Copy all the lines of the listing below exactly. Skip the images.

### Source data

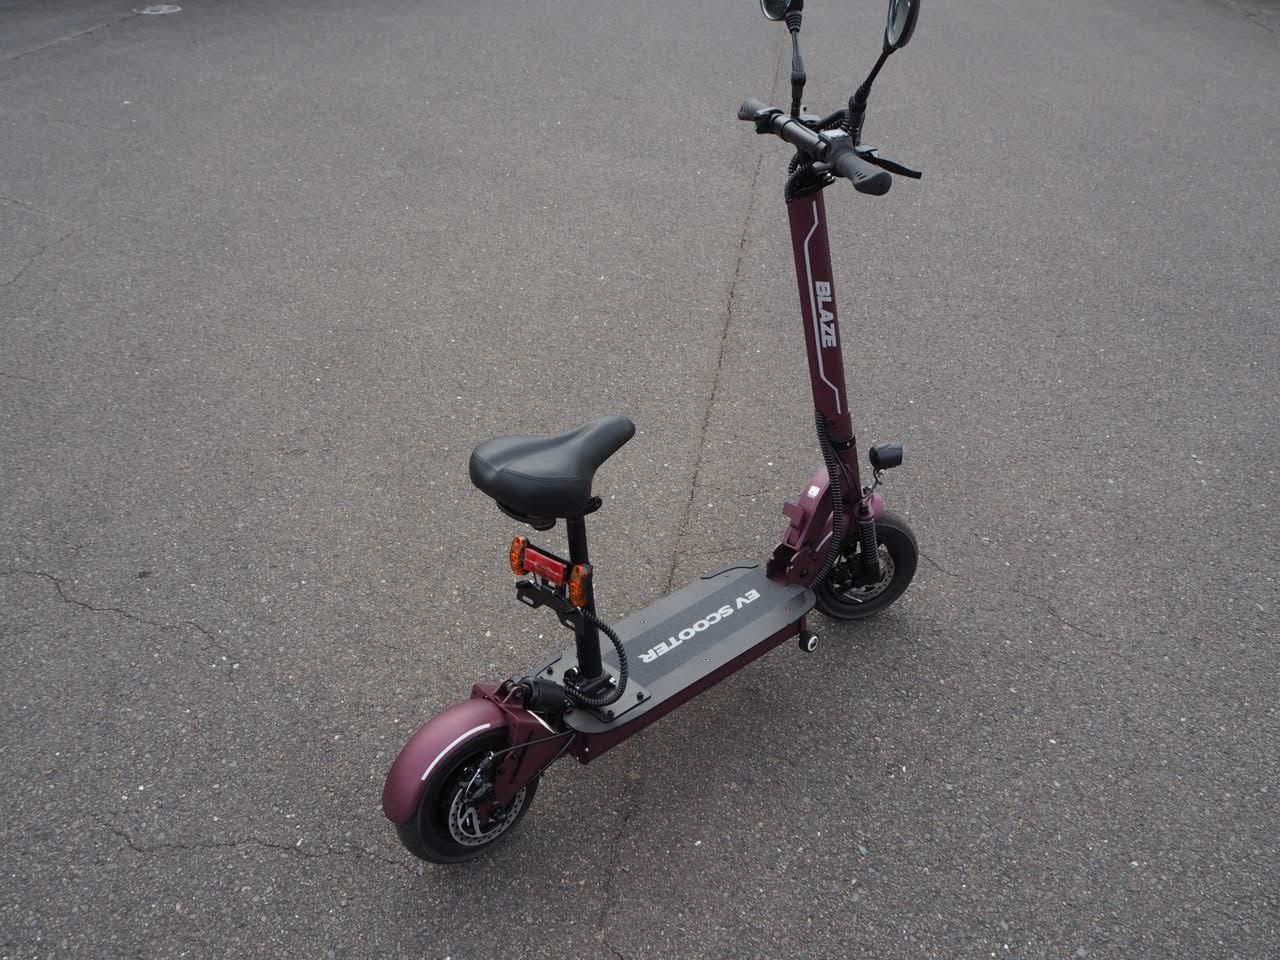 100%電気で動く折畳み可能な電動バイク ブレイズEVスクーター(ワインレッド色)【現金払い・銀行振り込み専用チケット】のイメージその1
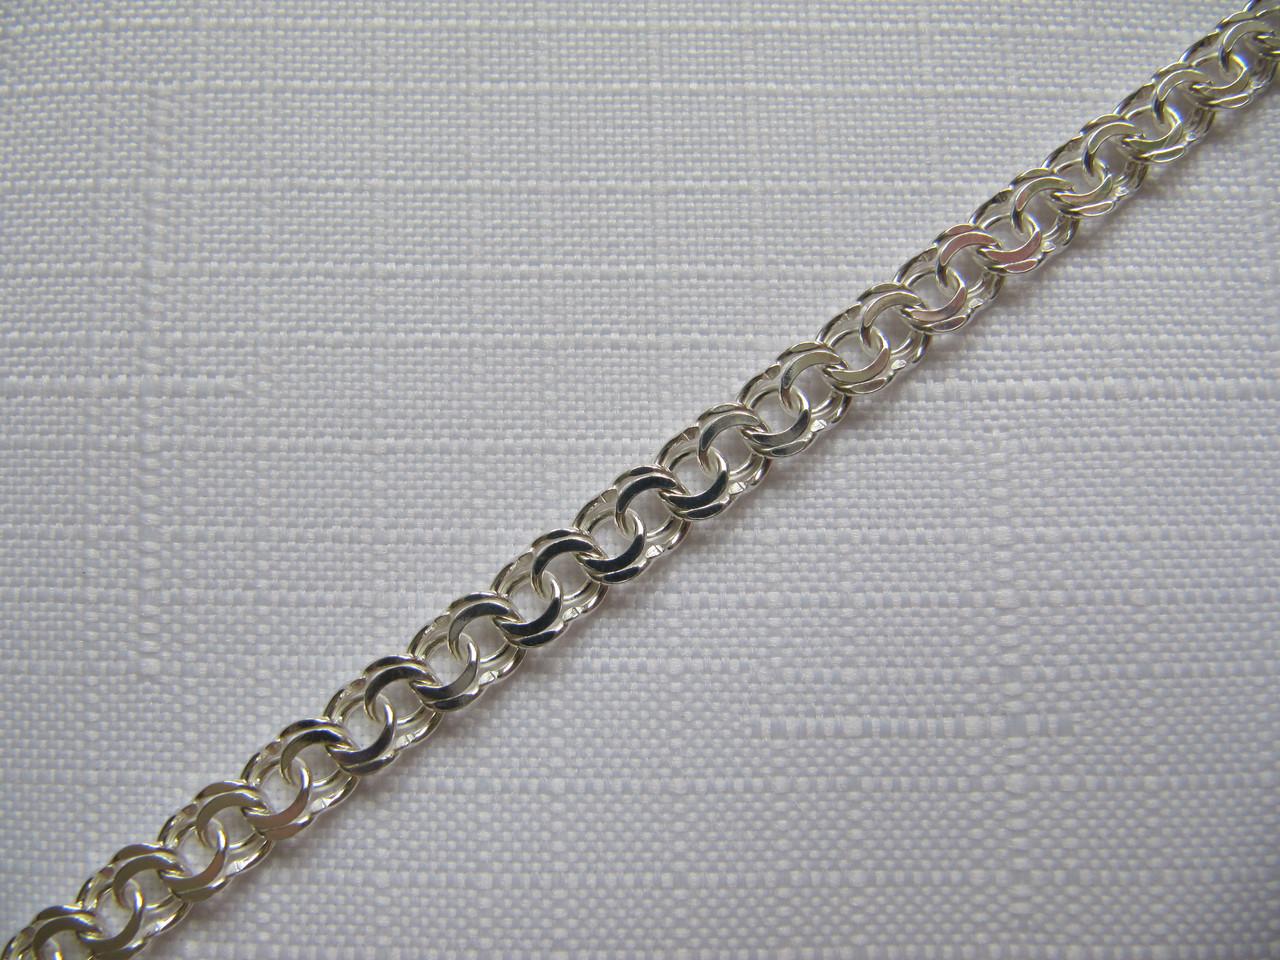 Серебряный браслет ГАРИБАЛЬДИ (БИСМАРК) 5.5 мм 17 см
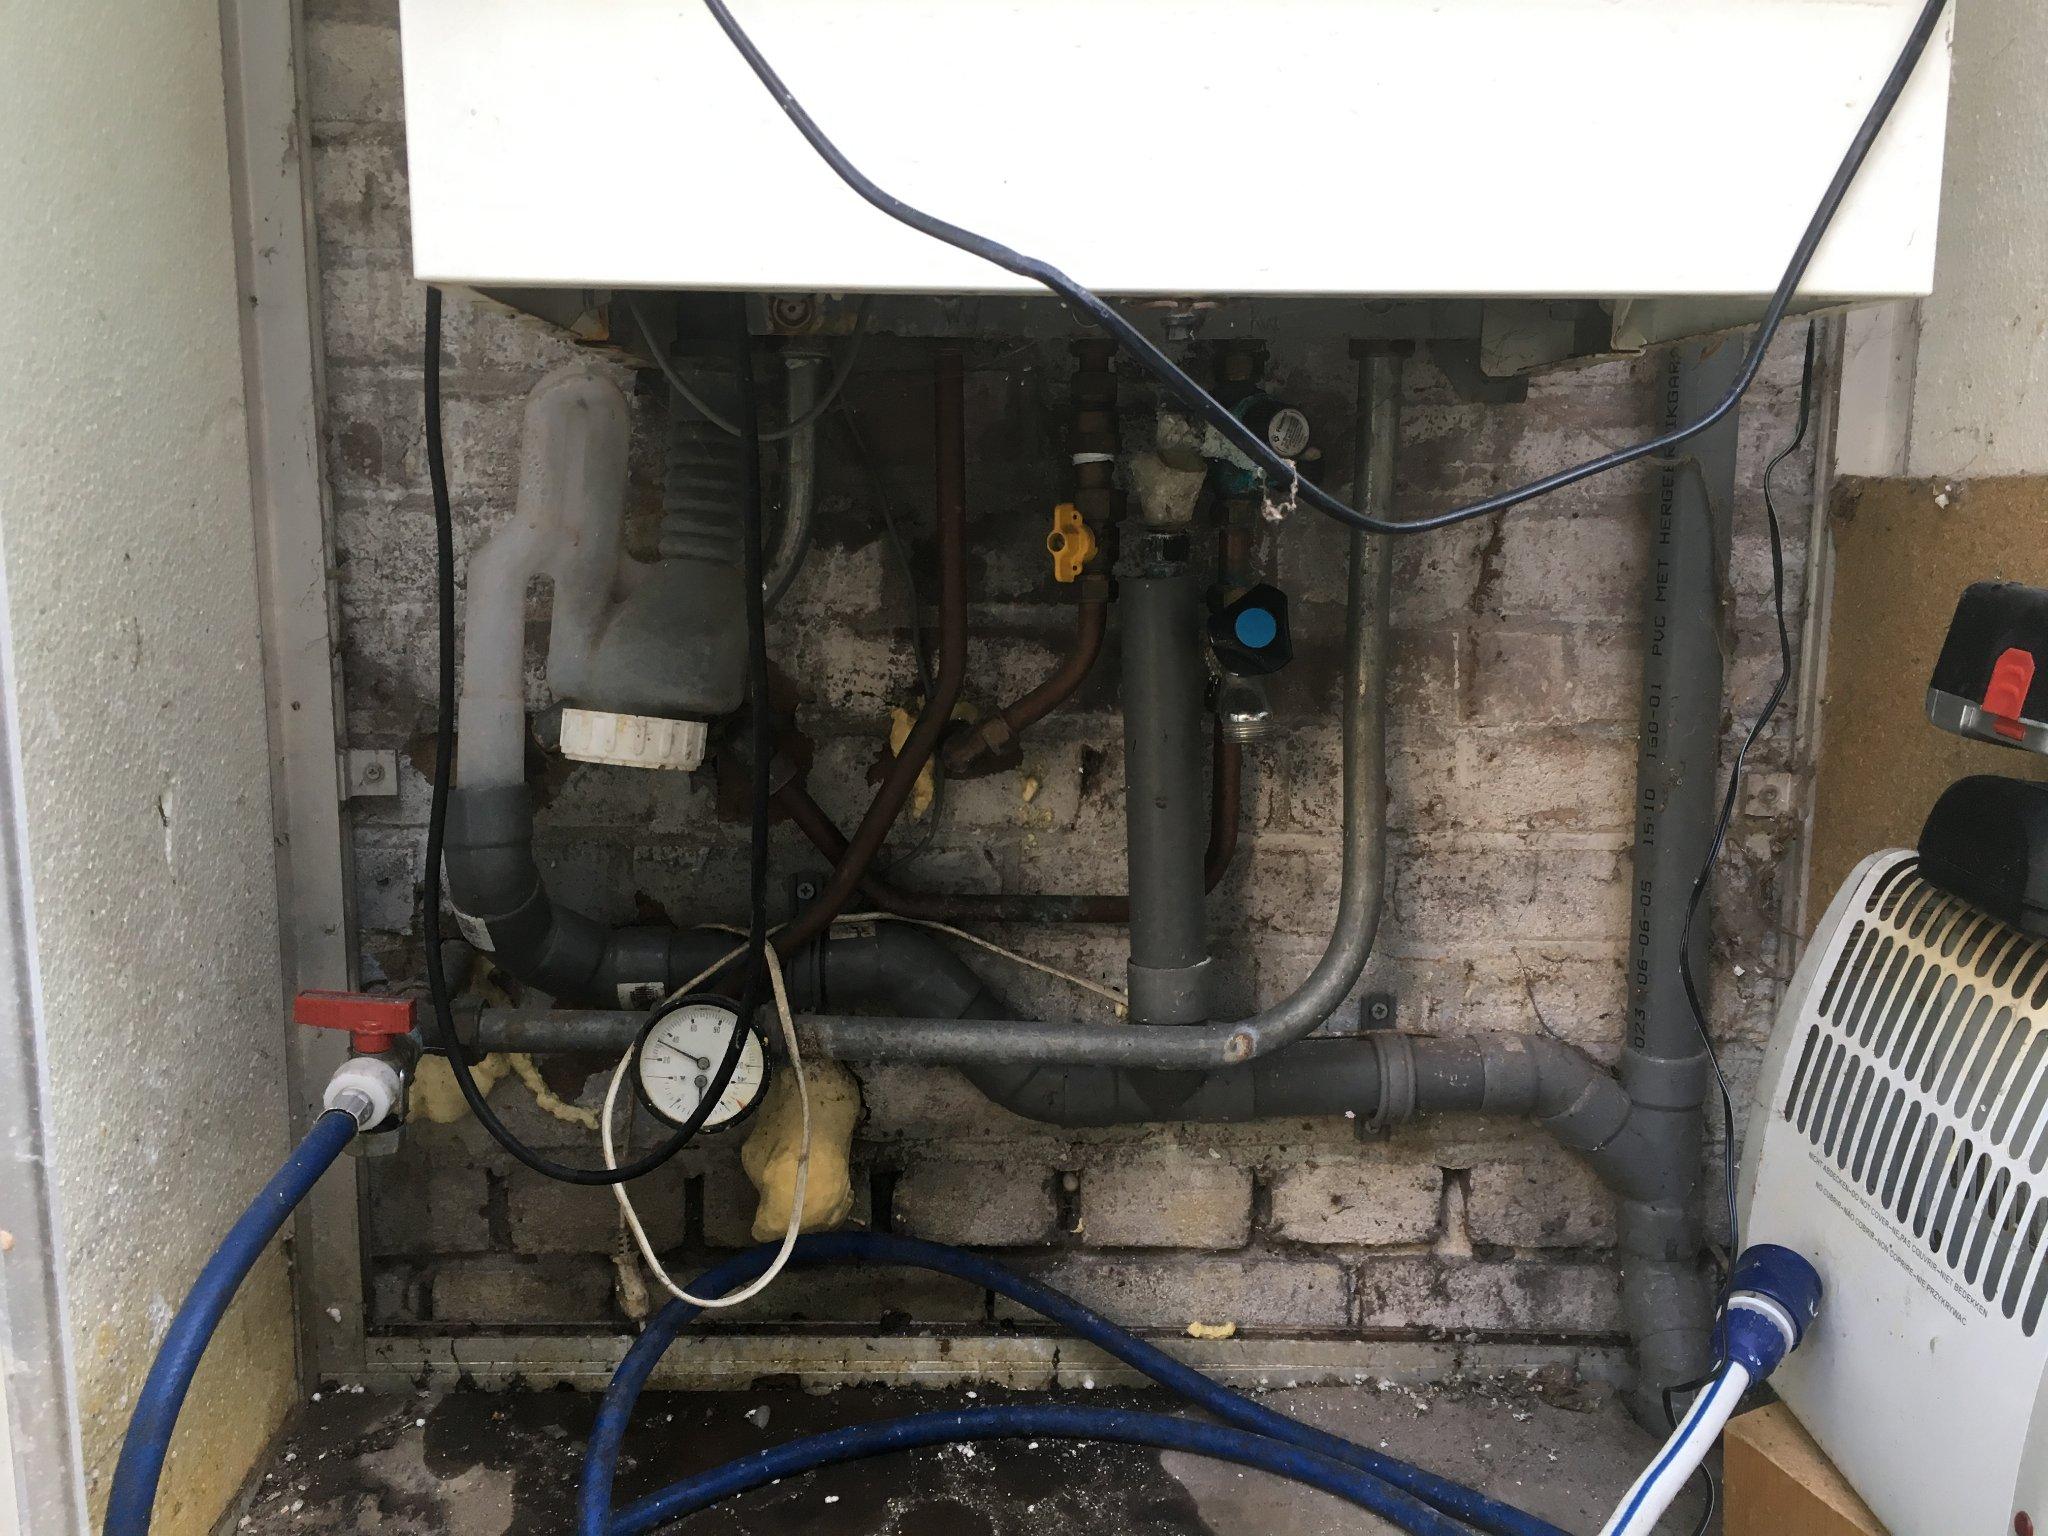 Tuinhuis installatiewerk (CV-ketel, wasmachine, verlichting) - Werkspot

######

→ **Solution for this exercise**
 100%電気で動く折畳み可能な電動バイク ブレイズEVスクーター(ワインレッド色)【現金払い・銀行振り込み専用チケット】のイメージその1
 Серебряный браслет ГАРИБАЛЬДИ (БИСМАРК) 5.5 мм 17 см
 Tuinhuis installatiewerk (CV-ketel, wasmachine, verlichting) - Werkspot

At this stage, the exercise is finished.